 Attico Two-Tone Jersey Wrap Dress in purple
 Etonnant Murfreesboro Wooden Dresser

########

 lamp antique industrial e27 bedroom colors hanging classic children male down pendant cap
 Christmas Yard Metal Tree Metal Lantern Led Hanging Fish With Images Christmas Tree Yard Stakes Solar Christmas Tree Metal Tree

########

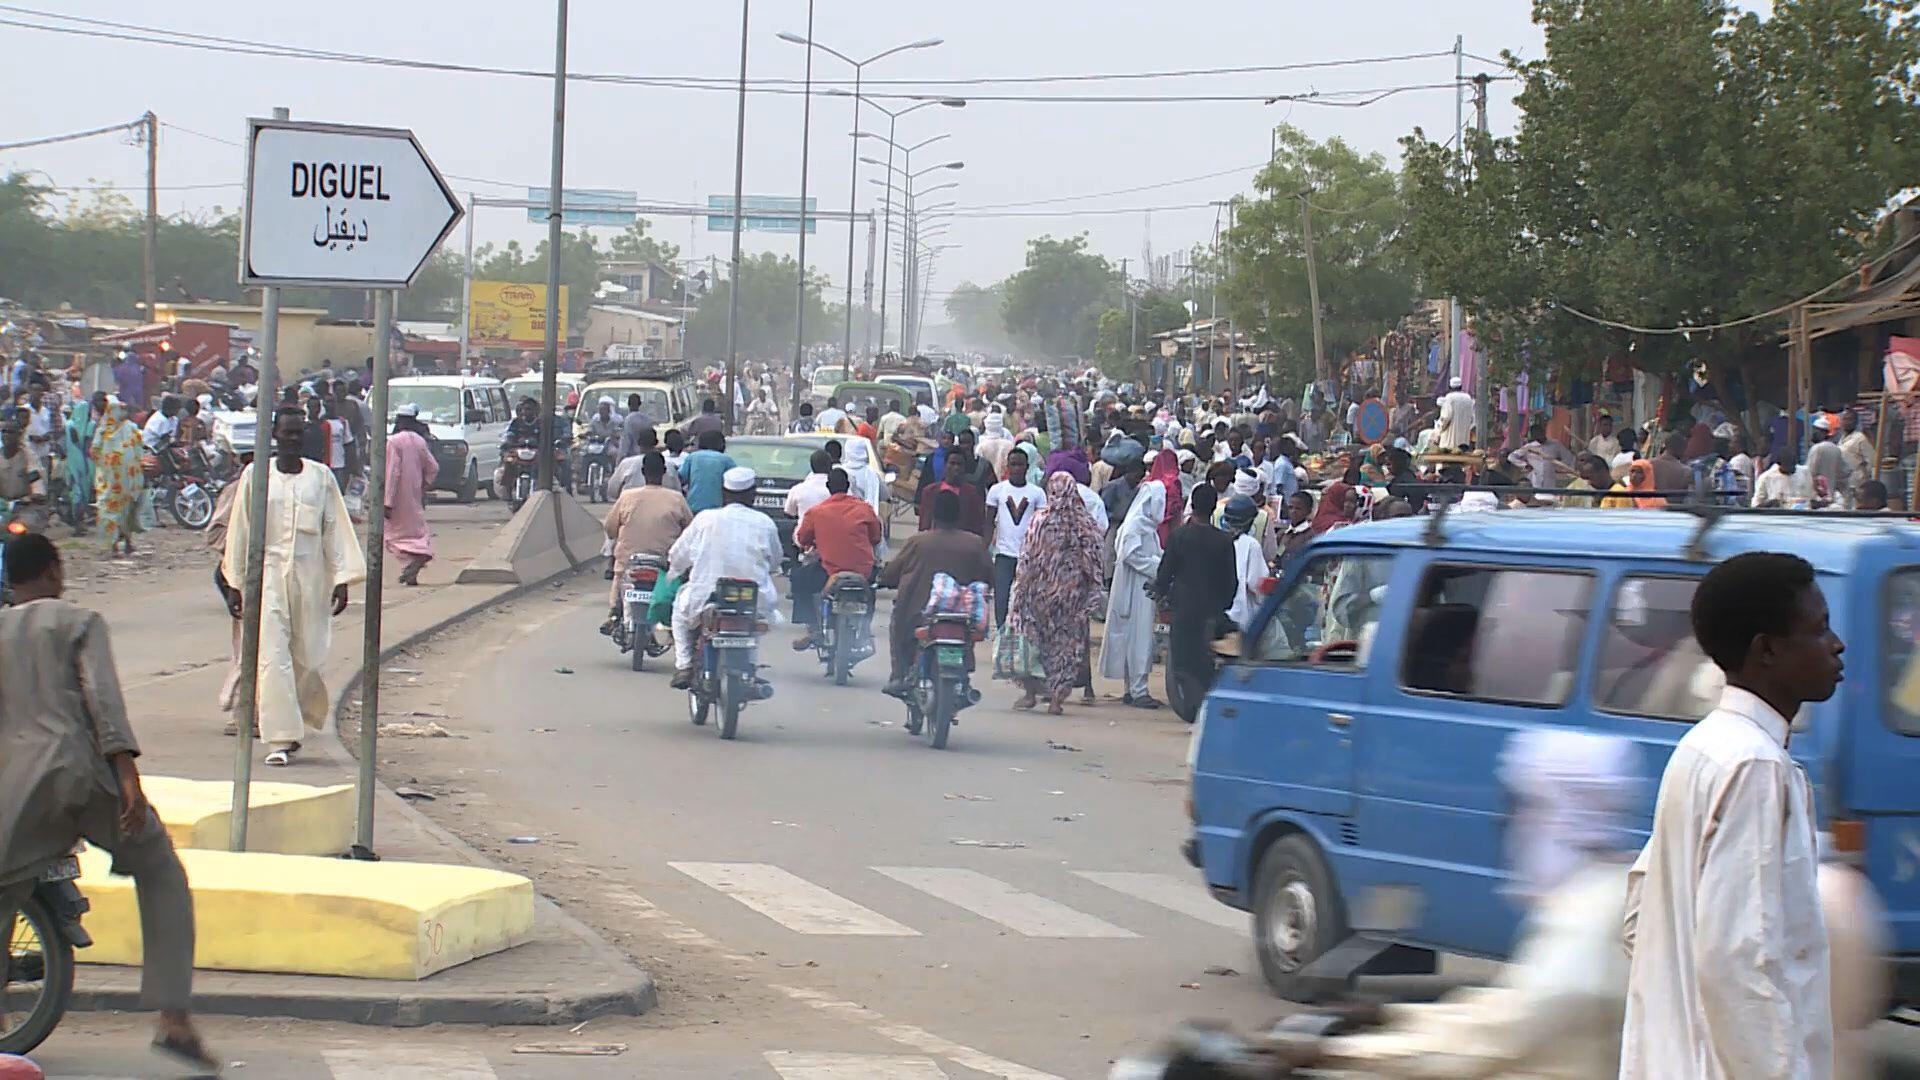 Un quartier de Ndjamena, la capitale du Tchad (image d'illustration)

########

→ **EXERCISE REQUIREMENTS**
Please give back exactly the lines of the listing above that run from the one containing "Attico Two-Tone Jersey Wrap Dress in purple" through the one containing "Etonnant Murfreesboro Wooden Dresser", and only those.

→ **TASK ANSWER**
 Attico Two-Tone Jersey Wrap Dress in purple
 Etonnant Murfreesboro Wooden Dresser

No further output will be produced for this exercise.